How is the mechanism that gets data off a CD data disc any different to the one in a CD player? There's at least one mfr (http://www.users.bigpond.net.au/redg.../rg_frame.html) combining CD ROM transport with a DAC. Maybe he's the only one using a perfect transport!

How is music data different to any other data and why would it require a green pen where other data does not? Will a green pen make my data better too? That's the thing about digital, it's either there or it isn't. There is no "better".
 
Oct 2, 2003 at 8:19 PM Post #27 of 51
Advocates of digital perfection make me think of the "mad scientist" who was saying things like "but my theories say this shouldn't happen ..." as things were crashing around them.

Perfect is an unwise word to throw around in technology, and I remain unconvinced that we have it even today in reading cds/dvd's.

As far as perfect computer data processing, I sit on a computer all day and am regularly having to restart discs which don't read properly.

To be fair to technology geeks, I spent 5 years myself employed in a university EE department and never heard anyone there claim that anything they did could not be improved on and so I'm not buying the perfection argument in this forum.

It takes a lot of data to make music sound realistic and takes no stretch of imagination to assume that even small problems of data reading could be detectable in sound quality.

Some tweaks help, some don't. And why they work is probably not known either but we have some guesses. The problems with music cd's are subtle and I can't say whether it is missing data, interpolation errors, jitter, or whatever else .
 
Oct 2, 2003 at 9:35 PM Post #28 of 51
Quote:

having to restart discs which don't read properly


Huh? CDs? You probably have a bad drive. None of my drives do that. Of course your CDs may be all scratched up from group use at work but mine aren't, and my music CDs are never scratched.

(and if a disc fails to read once it's usually unreadable. What do you mean restart?)
 
Oct 3, 2003 at 3:00 AM Post #29 of 51
The error correction used in audio CD is called reed-soloman coding. It interleaves the data. So any data error caused by scratches etc is spread out and thus can be corrected mathmatically. The coding is invented for basic error free transmission of data. A CD will have defect from manufacturing even it is scratch free (from dust in the air, worn press etc.). The error correction makes the CD usable even with small defect.

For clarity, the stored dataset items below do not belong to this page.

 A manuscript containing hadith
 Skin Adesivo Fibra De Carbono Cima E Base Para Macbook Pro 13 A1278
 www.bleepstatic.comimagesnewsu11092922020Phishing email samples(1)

However, it is not correctable. If the damage is large enough to wipe out an entire frame. Therefore, cleaning CD in a circular motion often create scratches that are circular and not correctable.

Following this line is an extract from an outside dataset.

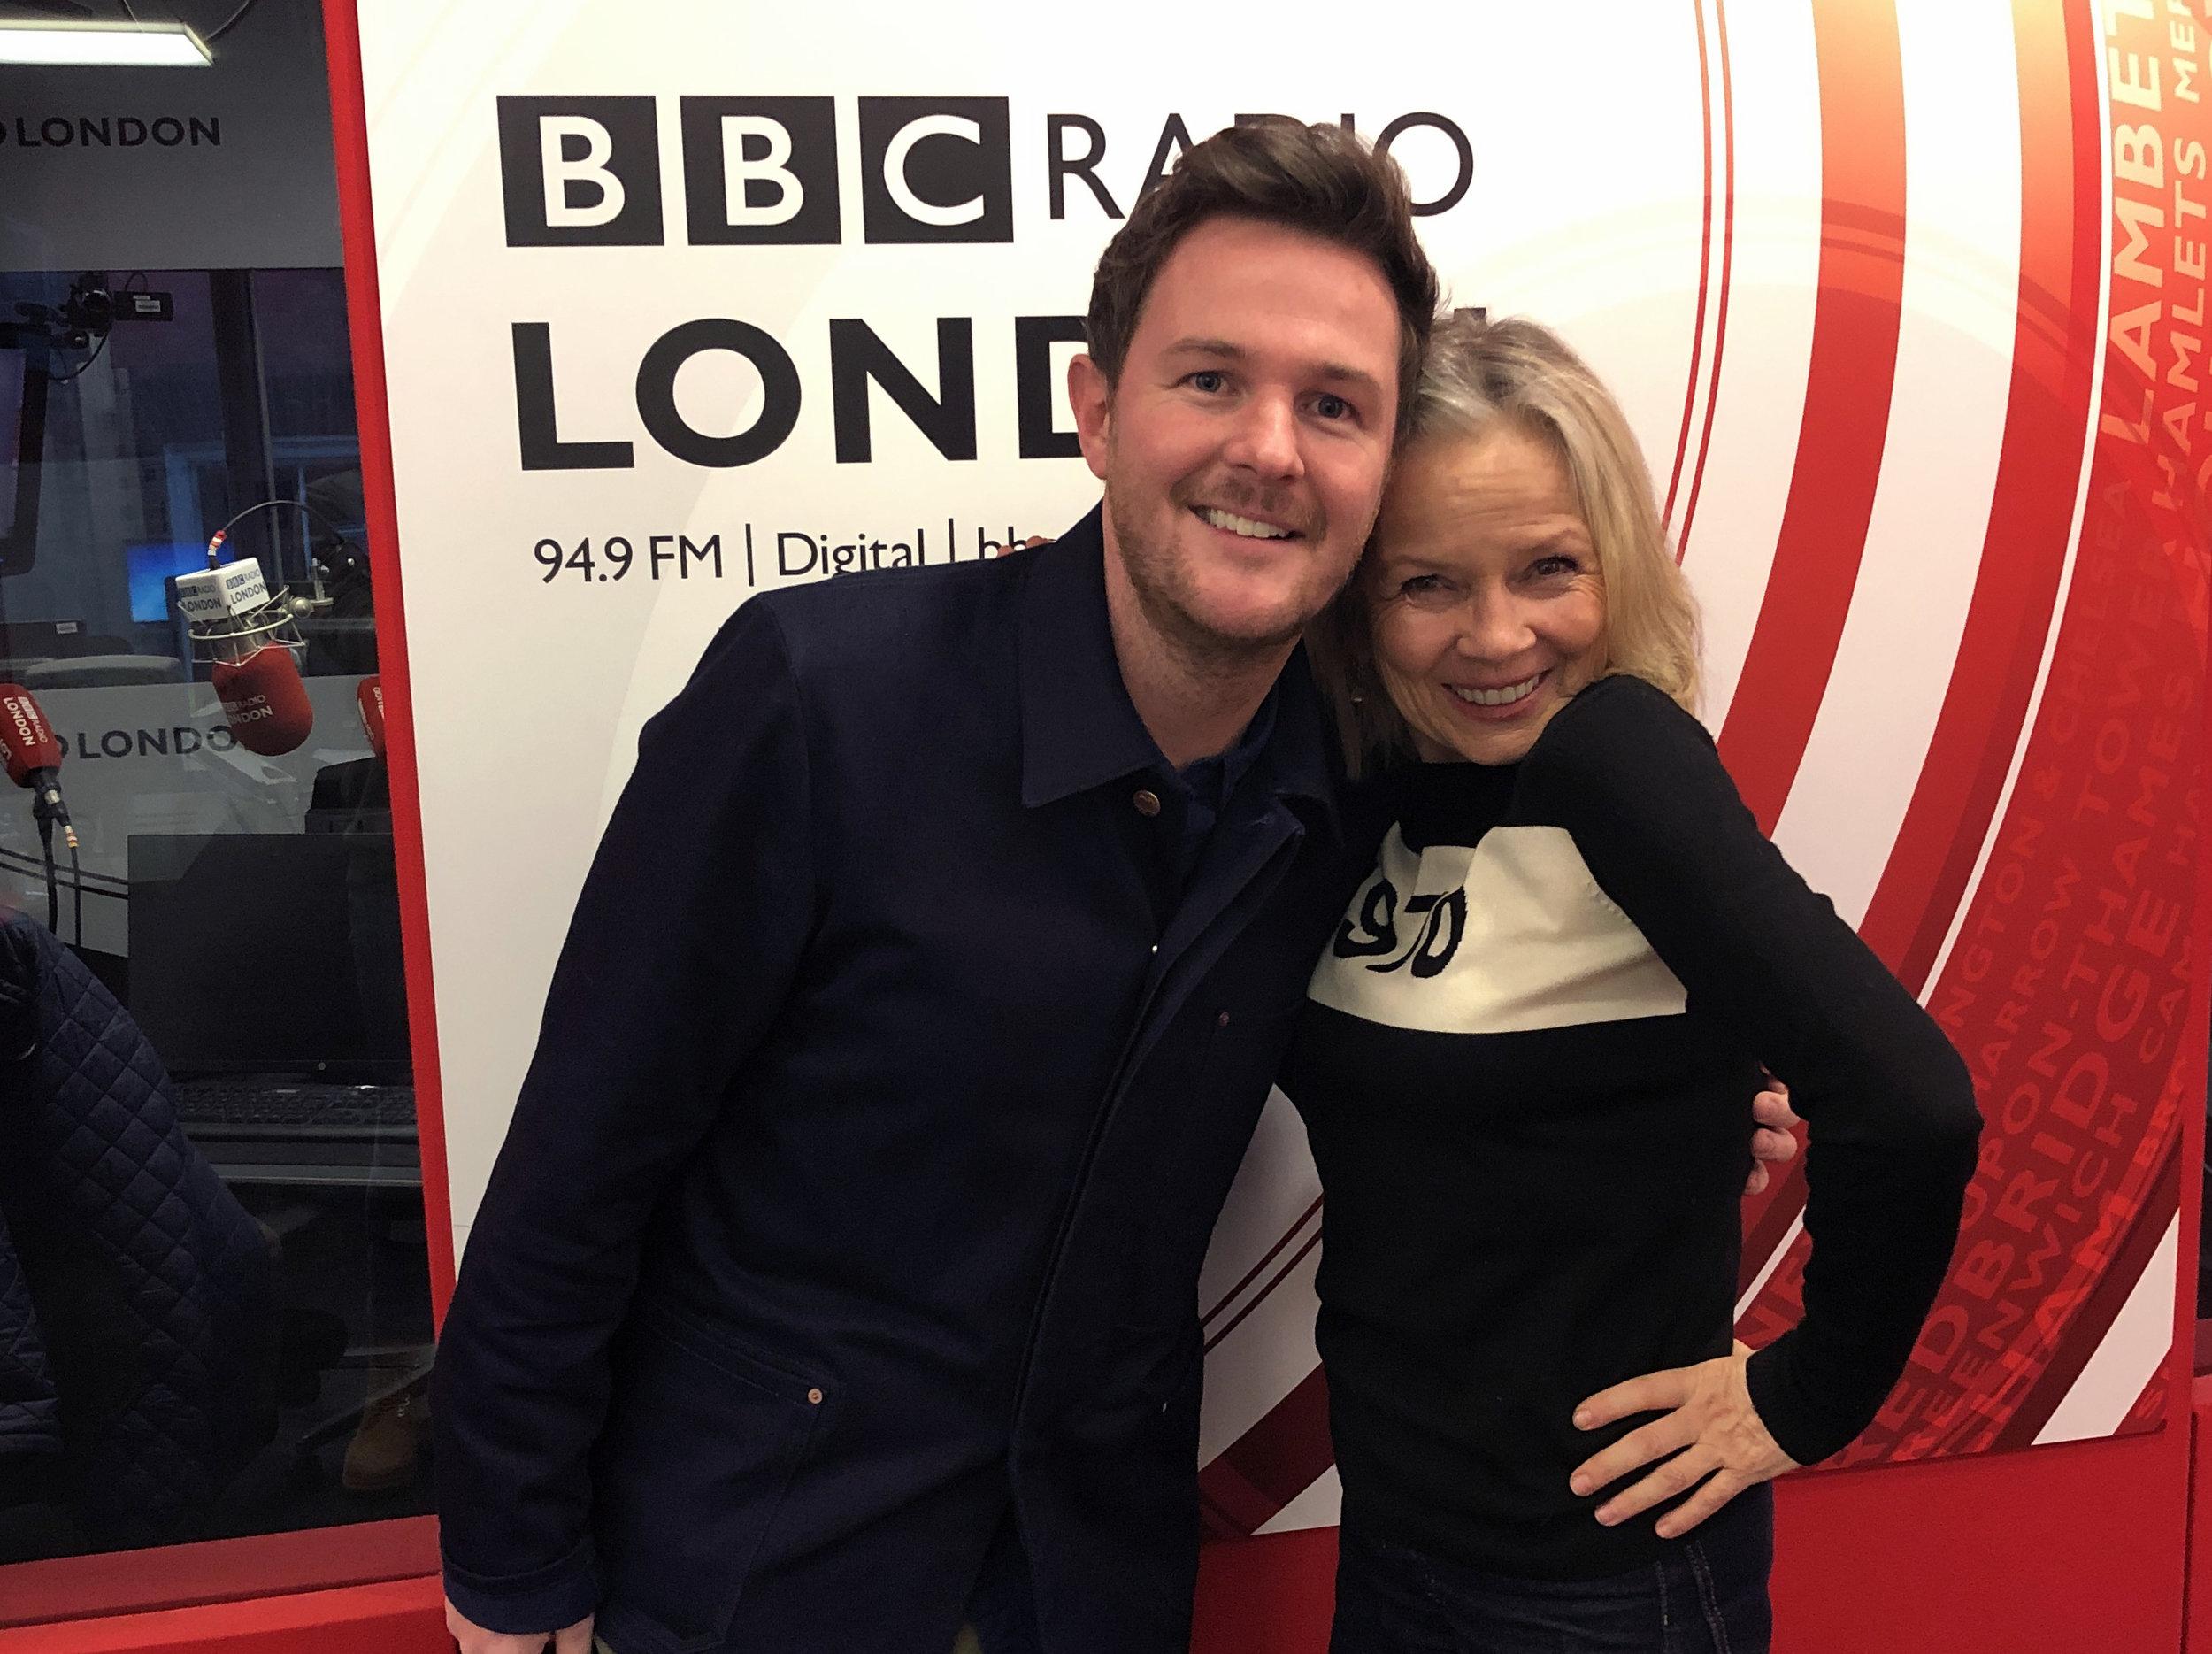 BBC LONDON Jo Good

Depends on the position of the bit error, the degradation can be subtle or significant. But the effect is random. The worst case is if the error happens at the MSB, the result is clicking noise. (try real time disc to disc copy at 32x or higher you'll find a lot of these.)

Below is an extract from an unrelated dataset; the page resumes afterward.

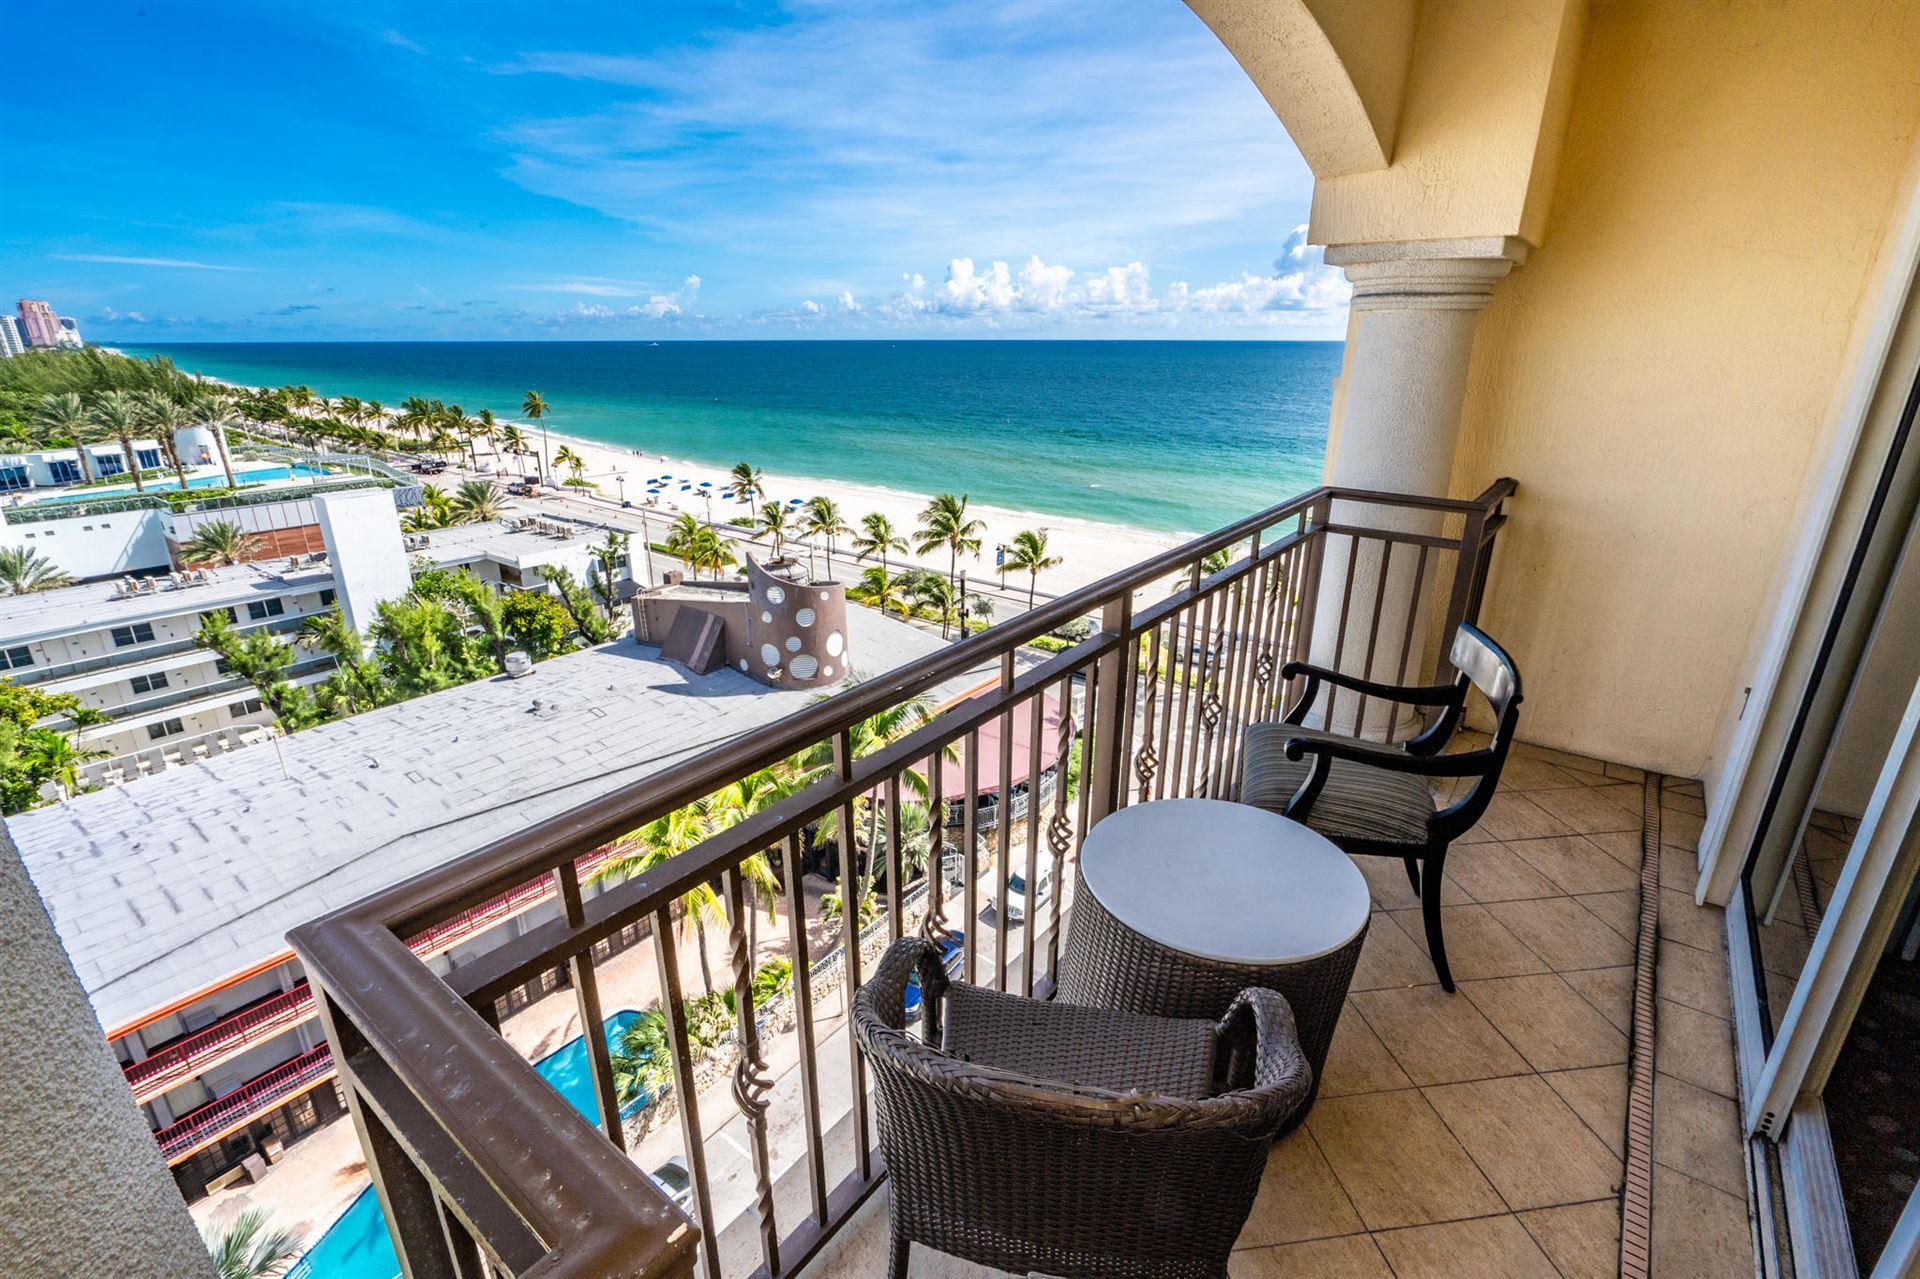 601 N Fort Lauderdale Beach Boulevard #811, Fort Lauderdale, FL 33304 - #: RX-10657260

A smoother sound or more detail sound are not the result of lower bit error.
 
Oct 3, 2003 at 9:27 PM Post #30 of 51
________________________________________________
Depends on the position of the bit error, the degradation can be subtle or significant. ...A smoother sound or more detail sound are not the result of lower bit error
_______________________________________________
I think you just contradicted yourself.

There appears to be a camp out there who want to believe that somehow cd/dvd discs are perfectly read, contrary to every other technology known to mankind. Even cleaning your laser lens changes sound ona player.

I do not believe that disc reading is perfect, there are error problems including dropped bits,improperly interpolated data, and delay problems such as jitter and probably other problems not even known or understood as yet.

Whether any given tweak actually improves sound, and how, is not generally known or understood, but there are many intelligent listeners who put both their time and money into such things and feel it is worthwhile.

This is no different in principle than in trying different items of equipment or accessories such as cables to see if they sound better, except it is usually cheaper.

For those willing to experiment I recommend www.tweakaudio.com for a good discussion of such issues.